This seems like a very weird way to do things. Why is the book being split up by page to begin with? For optimal reading, you should put a lot more than one book-page's worth of content on each web page. It's hard to say what an appropriate fix is if I don't know why this is being done to begin with.
This is being done in order to proofread the text, and in order to make it more trustable than text without scan.
Is the idea is that the pages should later be transcluded into one big page, and they're only temporarily on separate pages for proofreading purposes? If so, why not just have the extension that displays the wikitext and Djvu pages side-by-side (ProofreadPage?) display a bunch of pages at once?
yes, this is precisely what the extension does. It has a tag that transcludes a contiguous list of pages. Single pages displayed with scans are used for proofreading, but they are not the final result.
You could then put all indivisible content on the page where it begins, so put the full ref text on the first page.
This is one of the workarounds that we have been using ; in the example that I have posted, you can see that we did exactly that.
However, this solution is not satisfying, and it is too difficult for many users. Even without this multiple pages problem, it is difficult to convince contributors to use the <ref> tag, because it implies to move the footnote's text away from its original location (remember that we start from OCR text). Now, when they see a footnote that spans over two or more pages, they tend to refuse <ref>, and to favor templates instead, combined with section transclusion (which makes the transclusion work very complicated)

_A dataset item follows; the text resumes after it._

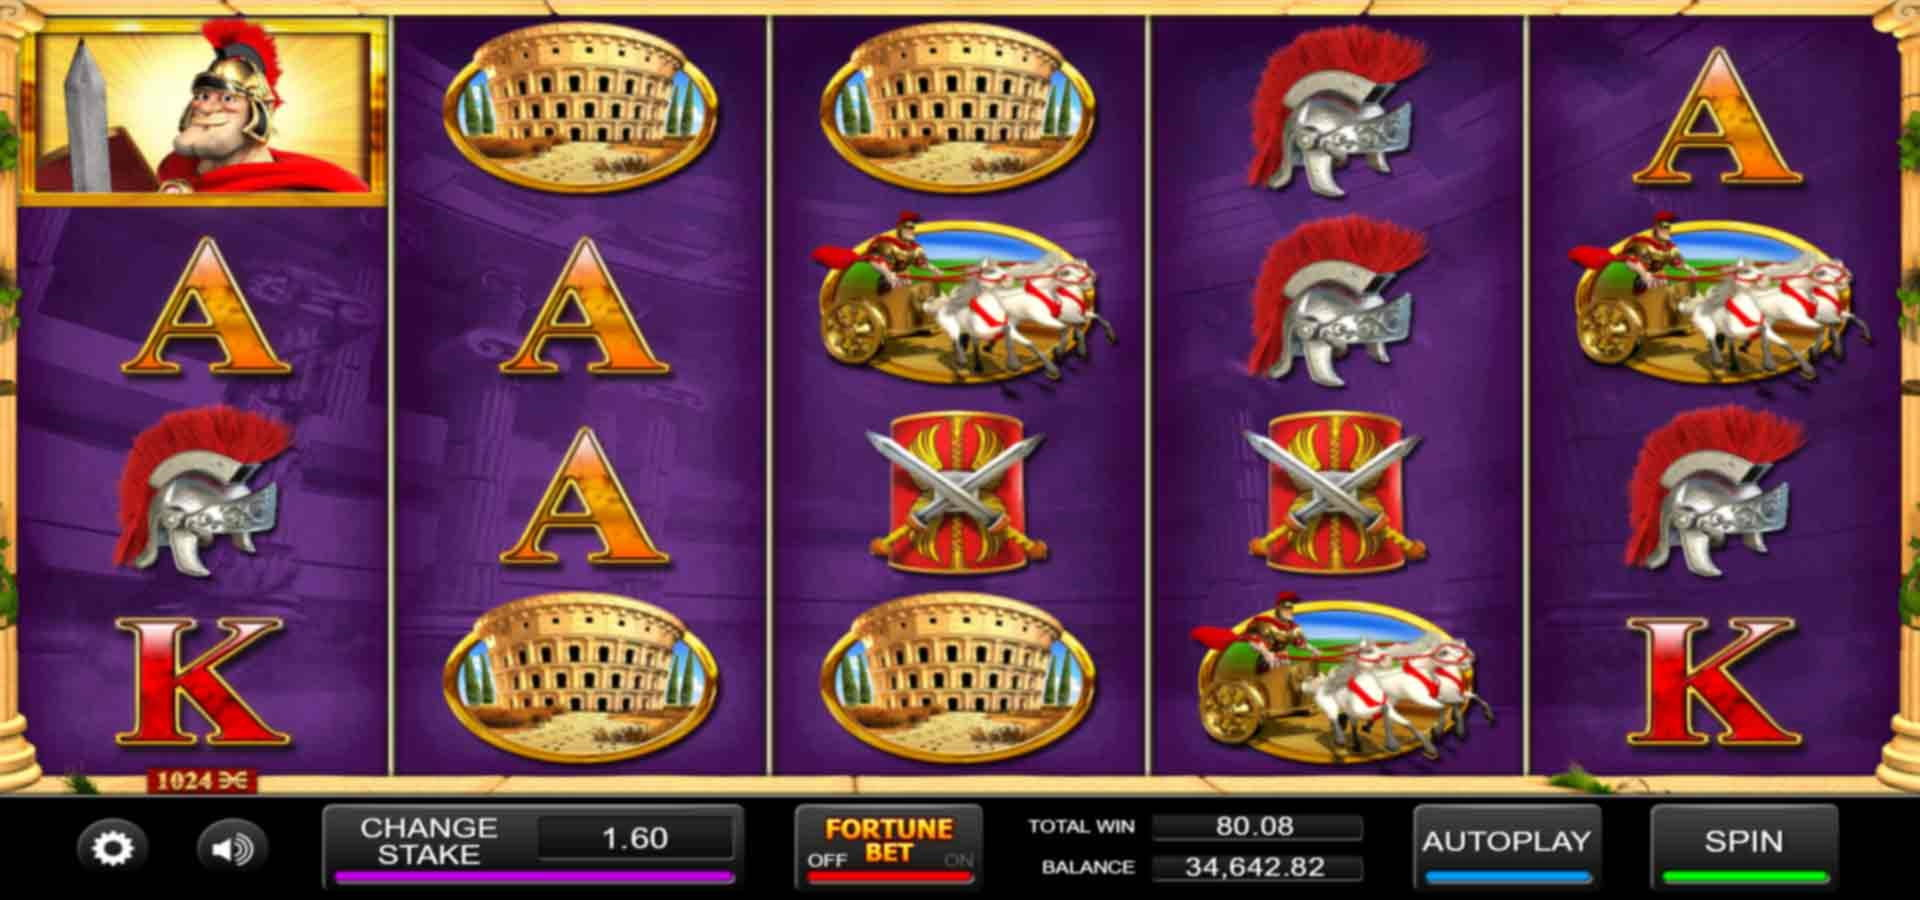 740% Няма Правілы Бонус! у Casino.com

Some contributors have designed tricks that combine the <ref> tag with section transclusion, in order to leave the footnote text in front of the scan. However, this results in complicated formulas, that are unacceptably difficult for most users.
If you can see multiple pages at once, this isn't much harder to proofread, since you can just look down a bit.
I guess you also mean "see multiple scans at once". This would be another workaround, but it would not deter contributors from trying to leave the text where it was in the first place, and where we think it belongs.
We have been dealing with this problem for several years now, and all the solutions that we have found have drawbacks. I do not think that we can solve this without extending the tool that manages references.
Thomas